The required output is an exact restatement of the lines, starting with the one that contains "Batman Begins Movie" and finishing with the last line of the listing. It contains no pictures.

- Data segment:
□ □ □ □ □ □ □

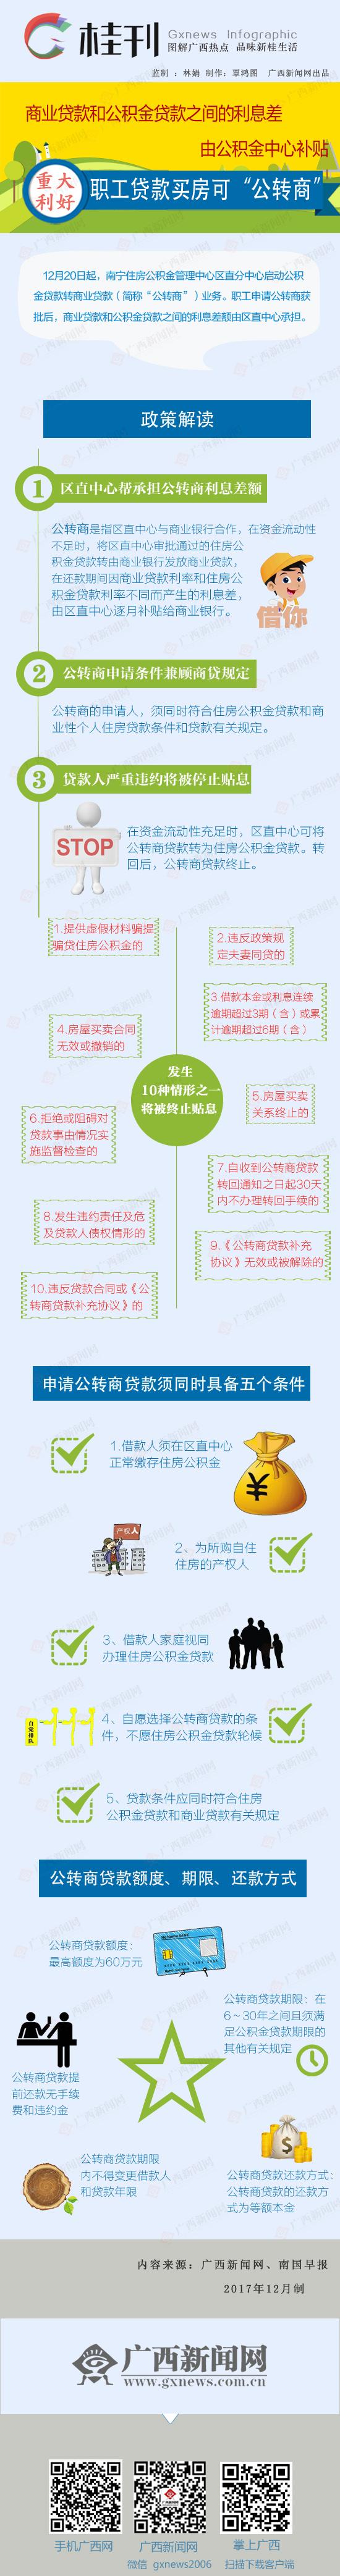 """【桂刊】南宁:贷款买房可""""公转商"""" 利息差不用借款人承担"""
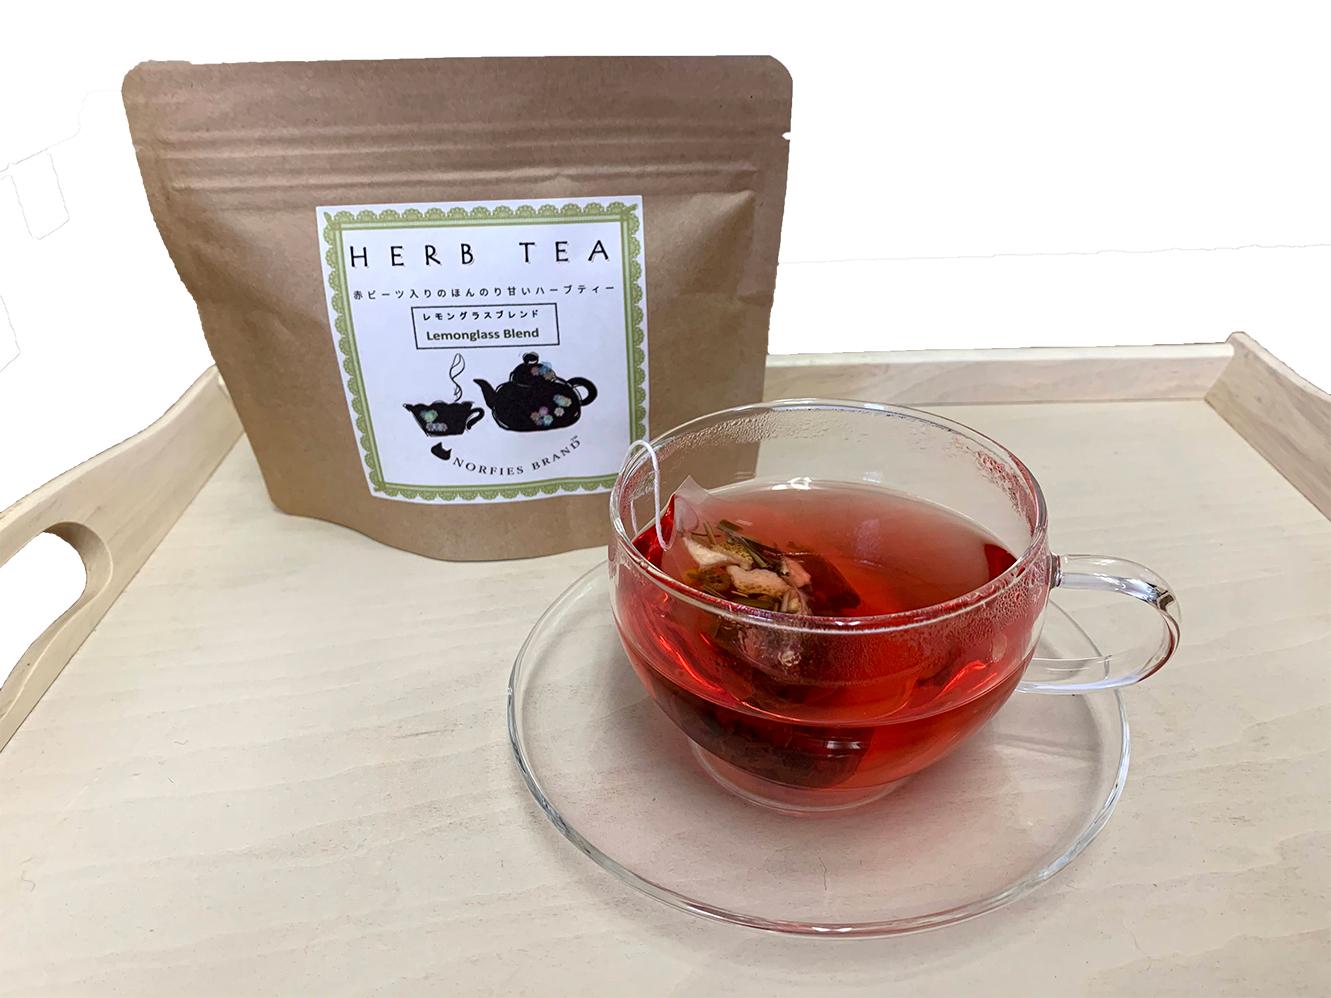 【送料無料】赤ビーツ入りHERB TEA(レモングラスブレンド)
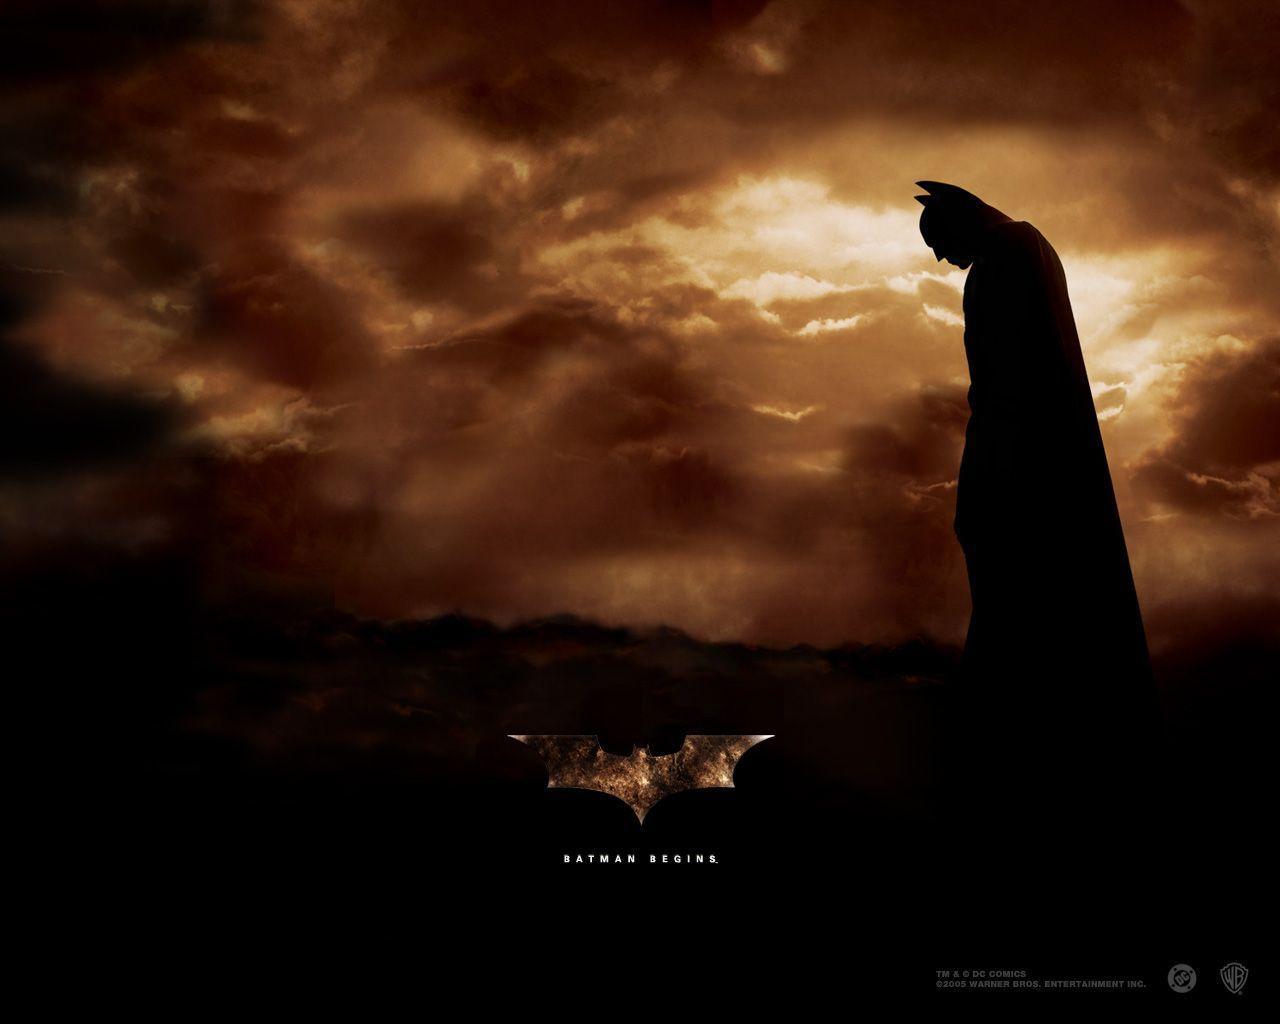 Batman Begins Movie Hd Wallpapers in Movies 1280x1024PX ...
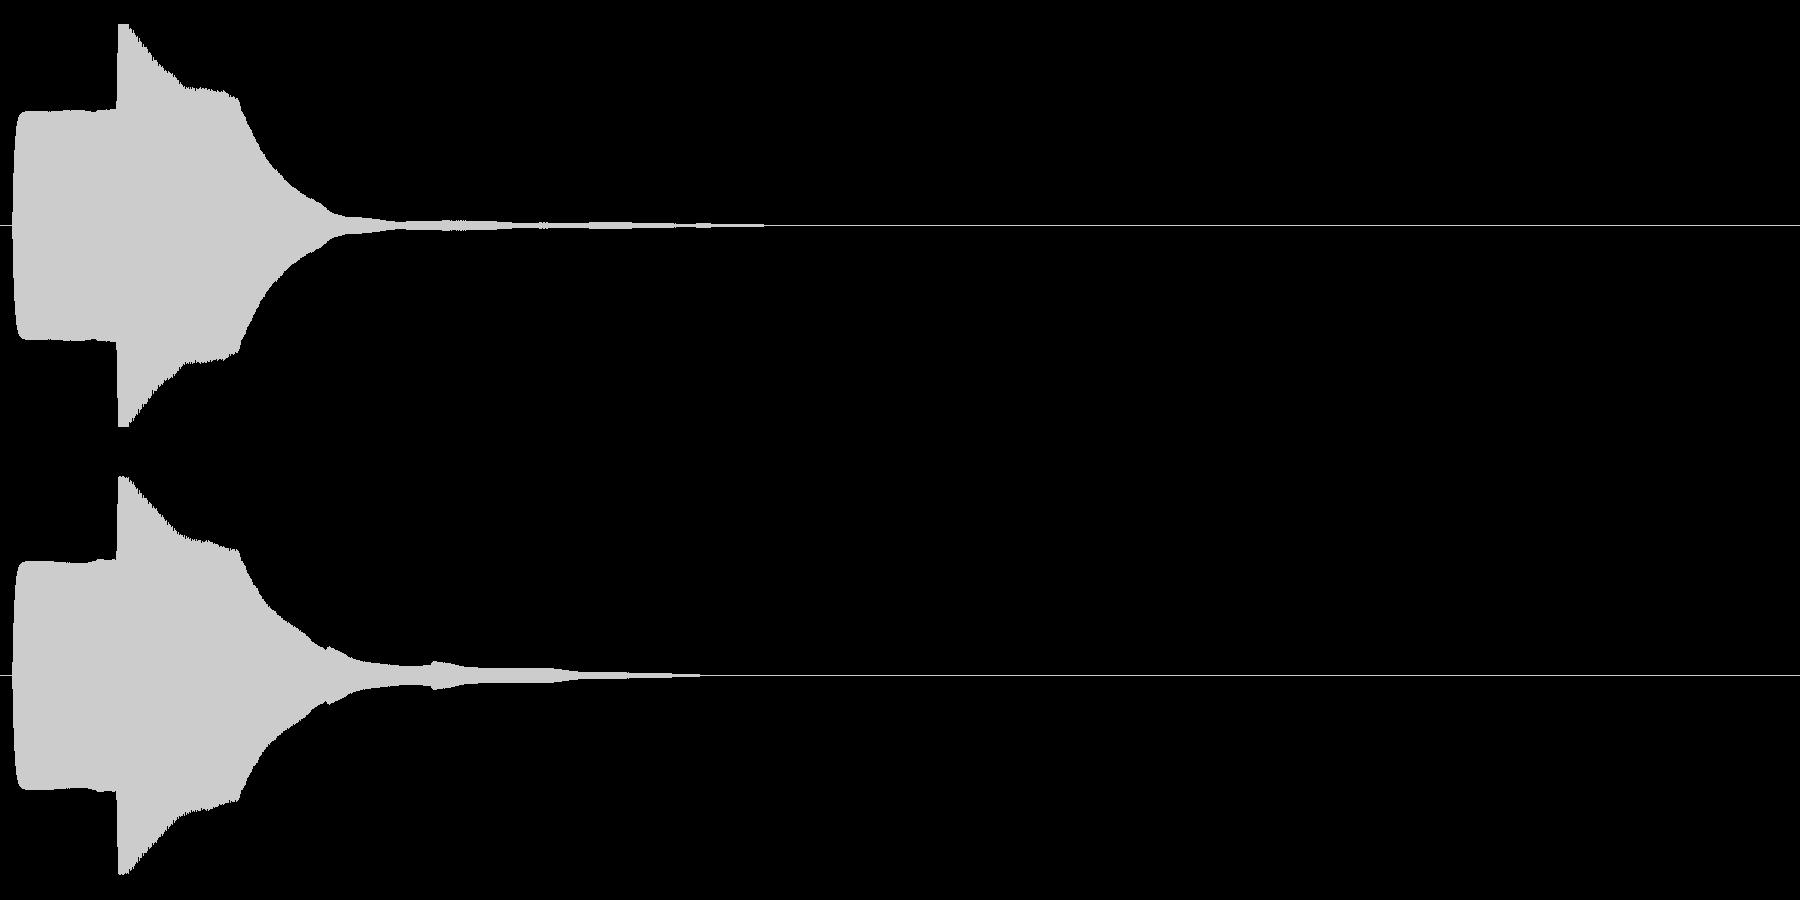 ピコン(キャンセル,終了,停止)_08の未再生の波形

□ □ □ □ □ □ □

- Solution to this problem:
 Batman Begins Movie Hd Wallpapers in Movies 1280x1024PX ...
 ピコン(キャンセル,終了,停止)_08の未再生の波形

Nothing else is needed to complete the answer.